I find the markers table to be very useful to understand a bit more about the genes, their expression in different clusters, the average log fold-change to find the up- and down- regulated genes among different tissues, and finally the adjust p-values to pick the significant markers.
# Distribution of the avg_logFC (ideally volcano plot should be drawn with P-values as well)
hist(Markers_Bladder_BoneMarrow$avg_logFC, 25)
From the above distribution, there seems to be markers that are 4X different. Ideally, anything above avg_logFC > 0.25 or avg_logFC < -0.25 can be used. For the blog purposes, I picked a high threshold avg_logFC to show the genes that are critical in classifying bladder and bone-marrow samples.
# For now, I used only the avg_LogFC values since there are significantly up- and down- regulated genes.
# However, it is better to add p-value threshold as well!
significant_markers <- Markers_Bladder_BoneMarrow[abs(Markers_Bladder_BoneMarrow$avg_logFC) >4, ]
significant_markers
## p_val avg_logFC pct.1 pct.2 p_val_adj
## Mgp 0 4.880449 0.928 0.000 0
## Dcn 0 4.532426 0.763 0.000 0
## Sparc 0 4.124855 0.791 0.000 0
## Col1a2 0 4.037171 0.680 0.001 0
## Ltf 0 -4.181325 0.000 0.831 0
## Chil3 0 -4.270815 0.001 0.865 0
## Retnlg 0 -4.483080 0.000 0.891 0
## Lcn2 0 -4.890691 0.003 0.958 0
## Camp 0 -5.502772 0.000 0.938 0
## Ngp 0 -5.963624 0.000 0.972 0
## S100a9 0 -6.528570 0.001 0.998 0
## S100a8 0 -6.918372 0.001 1.000 0
To differentiate bladder and bone-marrow cells, Mgp, Dcn, Sparc and others with positive avg_logFC seem to be the markers for Bladder, while Ltf, Chil3, Retnlg and other genes with negative avg_logFC seem to be the markers for BoneMarrow.
Another thing to note is the pct.1 and pct.2. For Mgp, you can see that this gene is not expressed in any of the cells in the second cluster. The second cluster we picked in the FindMarkers above (i.e., ident.2) is Bone-marrow. So pct.1 = 0.928 means that 92.8 percent of the cells express this gene in bladder tissue, but this gene is NOT seen in any of the bone-marrow cells.
We can also do additional comparions using the metadata information. If someone is interested to compare 2 bladder or 2 bone marrow samples instead (coming from different batches, different labs or say different treatments), you can add another metadata column (using mutate function in R) and make those comparisons. Here, I used the already existing metadata “Batch” column to look at the differences in 2 batches of the bone-marrow samples (i.e., comparing BoneMarrow_1 to BoneMarrow_4). The below information might not mean anything, but as an example, I used this.
# Comparison between Batches
Markers_BoneMarrow_1_and_4_batches <- FindMarkers(mca.10K, group.by = "Batch", ident.1 = "BoneMarrow_1", ident.2 = "BoneMarrow_4")
head(Markers_BoneMarrow_1_and_4_batches)
## p_val avg_logFC pct.1 pct.2 p_val_adj
## Ftl1-ps1 0.000000e+00 2.328657 0.669 0.062 0.000000e+00
## Rps27rt 0.000000e+00 2.024656 0.471 0.013 0.000000e+00
## Gm12854 0.000000e+00 1.980651 0.392 0.005 0.000000e+00
## Gm14303 1.072558e-293 2.121924 0.527 0.037 4.274681e-289
## Gm5905 2.333793e-286 1.825317 0.498 0.031 9.301333e-282
## Gm10123 9.352412e-274 1.858993 0.384 0.011 3.727404e-269
Some genes seem to have high expression (i.e., avg_LogFC > 2 or avg_LogFC < -2), in one batch compared to other.

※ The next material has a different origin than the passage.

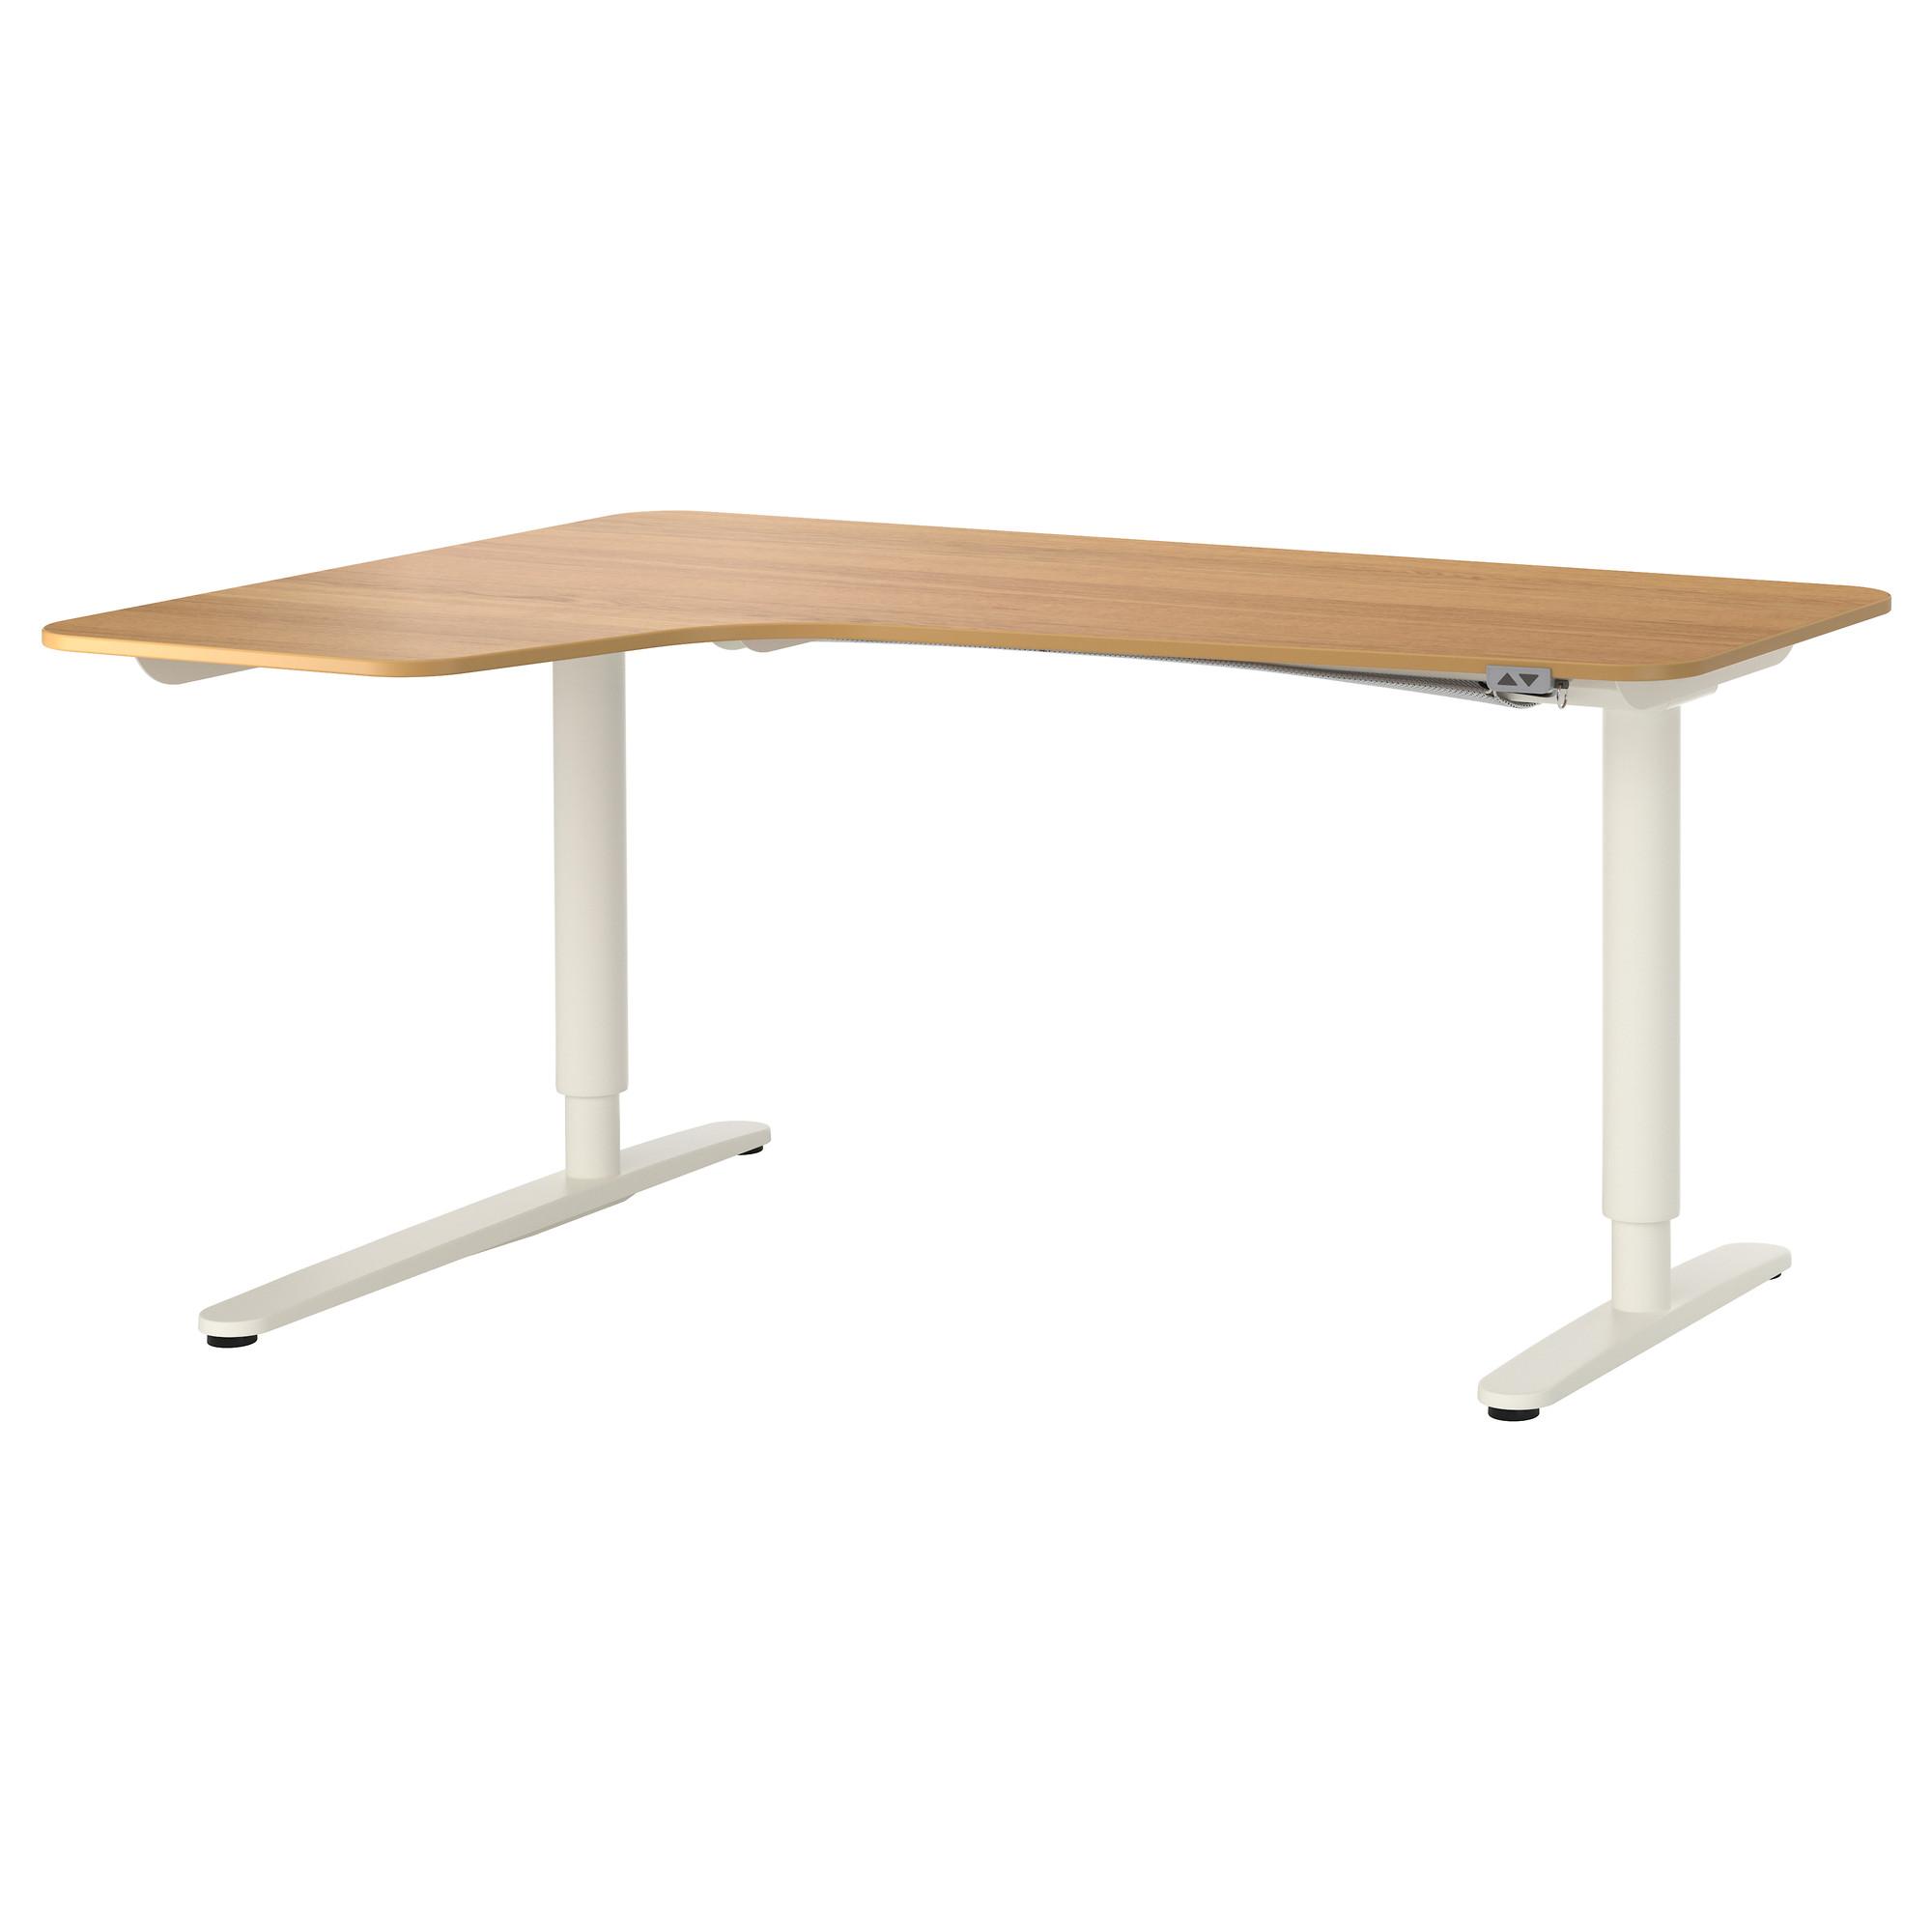 Угловой письменный стол левосторонний трансформер БЕКАНТ белый артикуль № 592.786.61 в наличии. Интернет каталог IKEA РБ. Быстрая доставка и установка.

significant_markers_batches <- Markers_BoneMarrow_1_and_4_batches[abs(Markers_BoneMarrow_1_and_4_batches$avg_logFC) >2, ]
significant_markers_batches
## p_val avg_logFC pct.1 pct.2 p_val_adj
## Ftl1-ps1 0.000000e+00 2.328657 0.669 0.062 0.000000e+00
## Rps27rt 0.000000e+00 2.024656 0.471 0.013 0.000000e+00
## Gm14303 1.072558e-293 2.121924 0.527 0.037 4.274681e-289
## Igha 8.891865e-46 -2.339435 0.004 0.305 3.543853e-41
When you compare 2 batches, it seems that the Igha is up-regulated in 2nd sample i.e., BoneMarrow_4 batch. Likewise you can make other comparisons to identify the differentially expressed genes (i.e., markers) between different clusters! This is a brief analyses on how to use Seurat R packages to find the markers between 2 samples/clusters/cells of interest.
In my next blog, I will use SingleR, an R package to subtype different cells / clusters.